We could say, as Matt Yglesias does: yes, it was probably right to resist the worst excesses of urban renewal and eminent domain in the 1950s, but now we have too much local control, too much direct democracy in housing and building policy, and it has become too hard to get a permit even to build the most urgently-needed clean energy and housing projects. 

Maybe we just need to bite the bullet, then, on sacrificing some of our environmental review and community consultation standards if we want to ever create the affordable housing and green energy abundance our society needs. 

Maybe... but I'm not so sure. I have no doubt that there is some golden mean to be struck here between competing values.

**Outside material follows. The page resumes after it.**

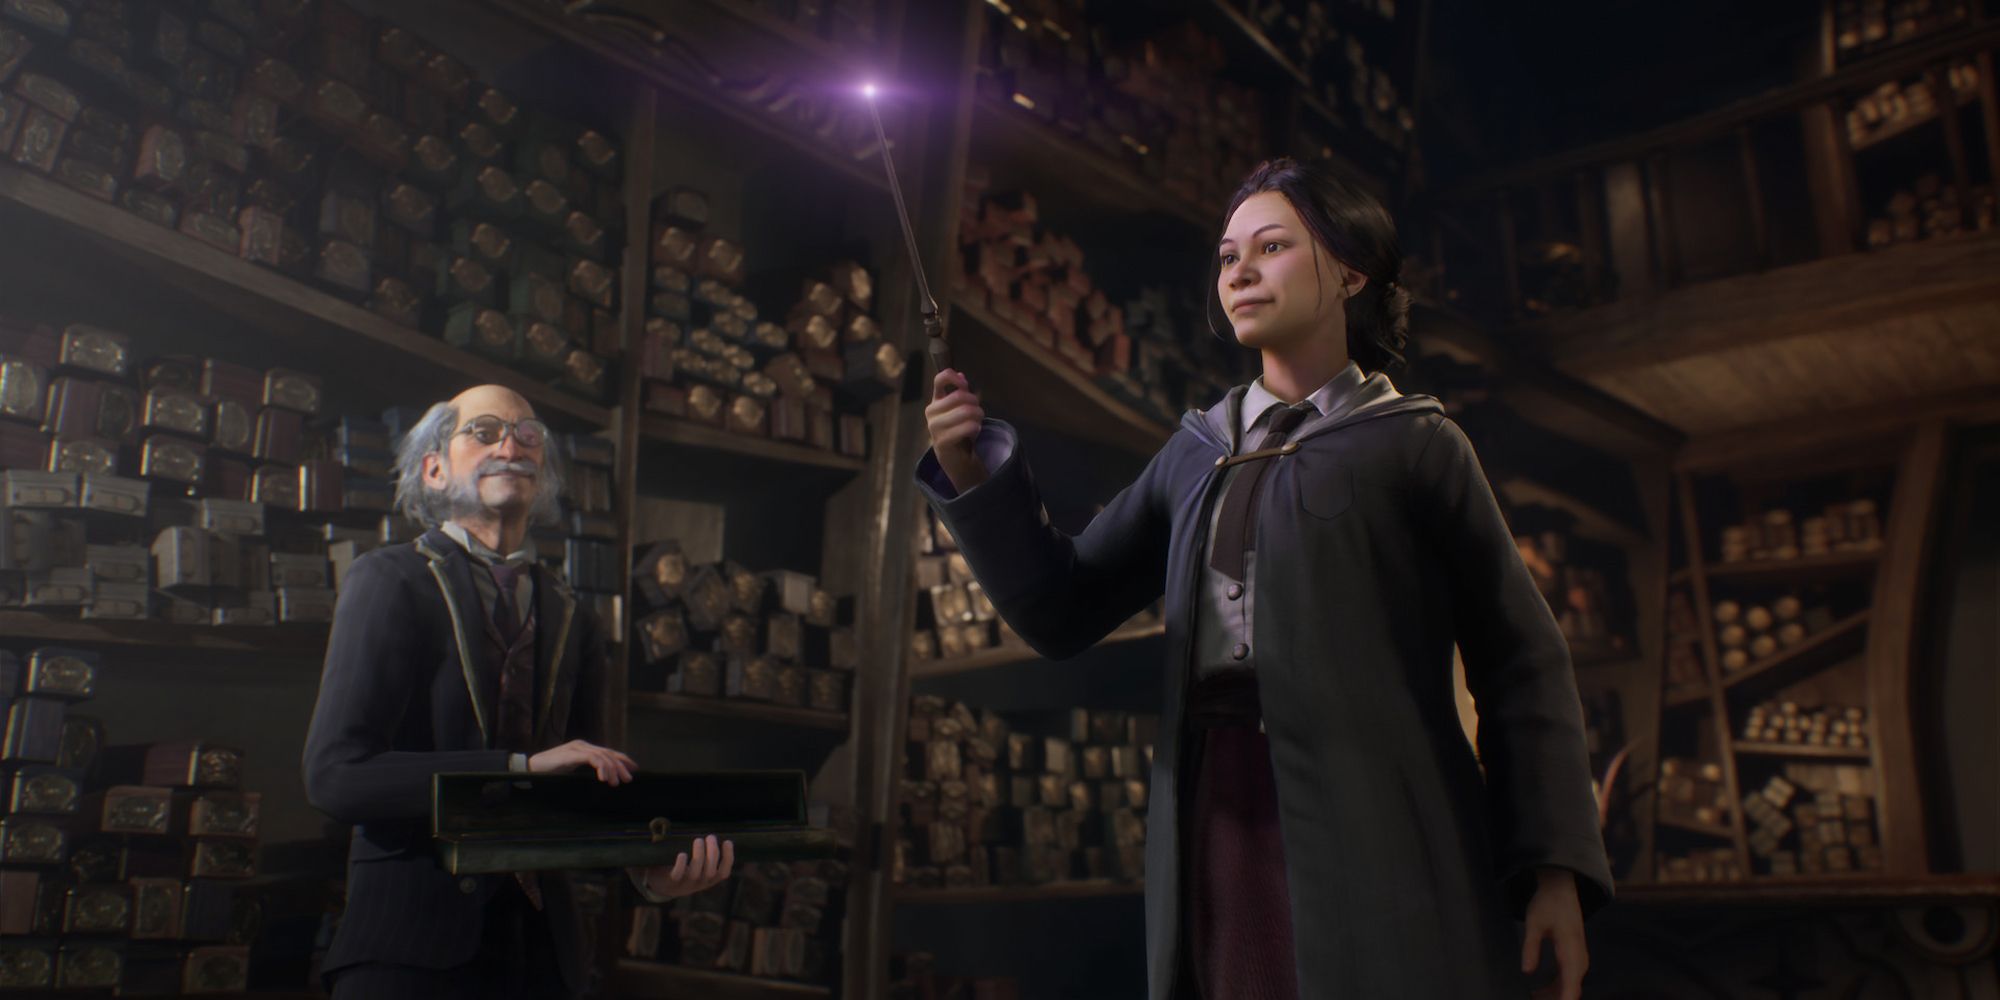 Hogwarts Legacy' Is Ranked Number One on Steam's Wishlist Charts
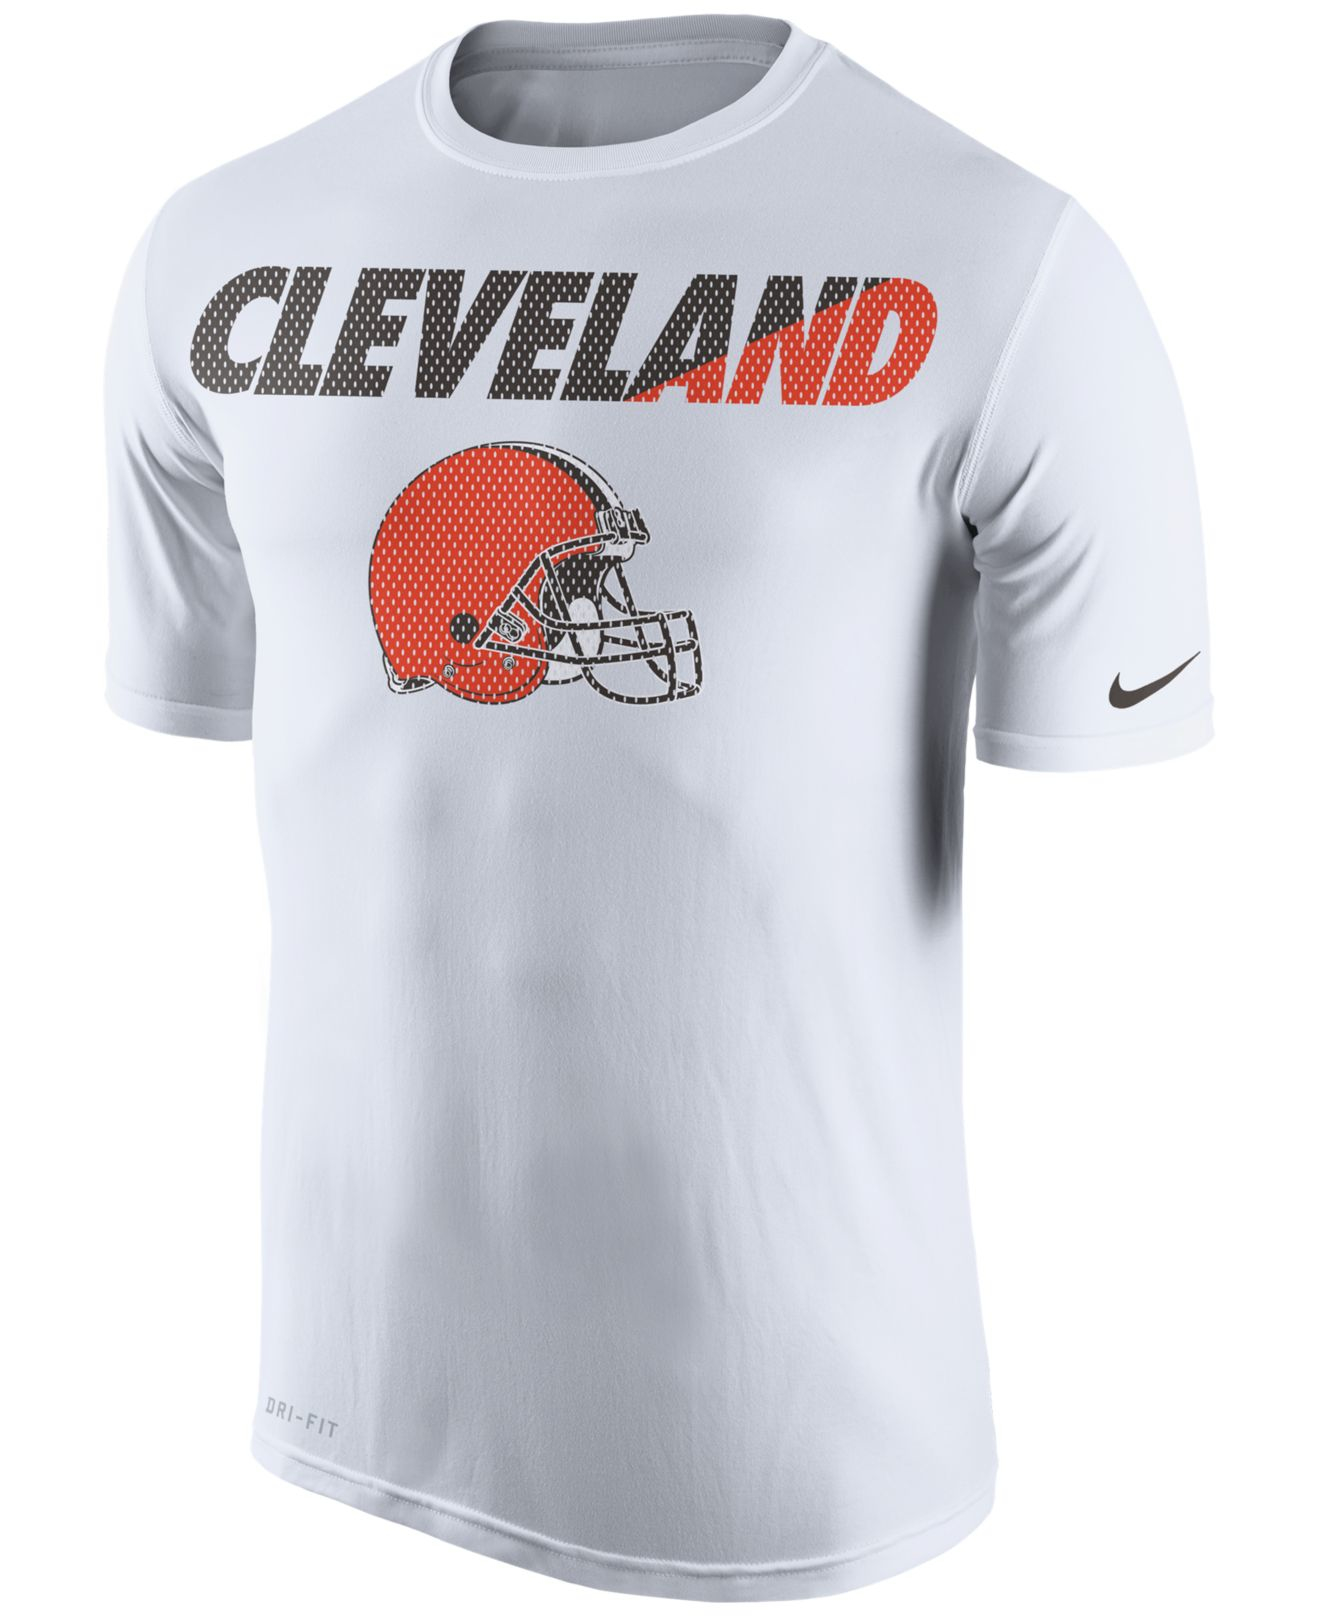 Lyst - Nike Men's Cleveland Browns Legend Staff Practice T-shirt in ...

We have to somehow strive to get the right balance of direct democracy and government efficiency. But that voice of Robert Moses—the voice of "dark abundance"—haunts me. 

I have a hard time believing that a "more incisive and less tolerant" system than ours would be better, and that we need to compromise on democratic values at the risk of trampling on the rights of Indigenous communities and displacing many others. 

As Yglesias is always saying, politics involves trade-offs. As Isaiah Berlin would note: many legitimate values are incompatible in this life, and one cannot be realized fully without cost to the others. 

But Berlin had a great and needed skepticism against the sort of person who would conclude from this: "well, that just means that if you want to make an omelette, you have to break some eggs. Might as well get cracking. Start building that dam and displacing those communities." 

In the end, what happens when people reason in this way, Berlin writes, is that "The eggs are broken, and the habit of breaking them grows, but the omelette remains invisible." 

Since country is so tender

     To touch, her being só slender,

     [...] even where we mean

                 To mend her we end her,

            When we hew or delve, as Hopkins wrote. 

Maybe he was a "left NIMBY" avant la lettre. But that doesn't mean he was wrong.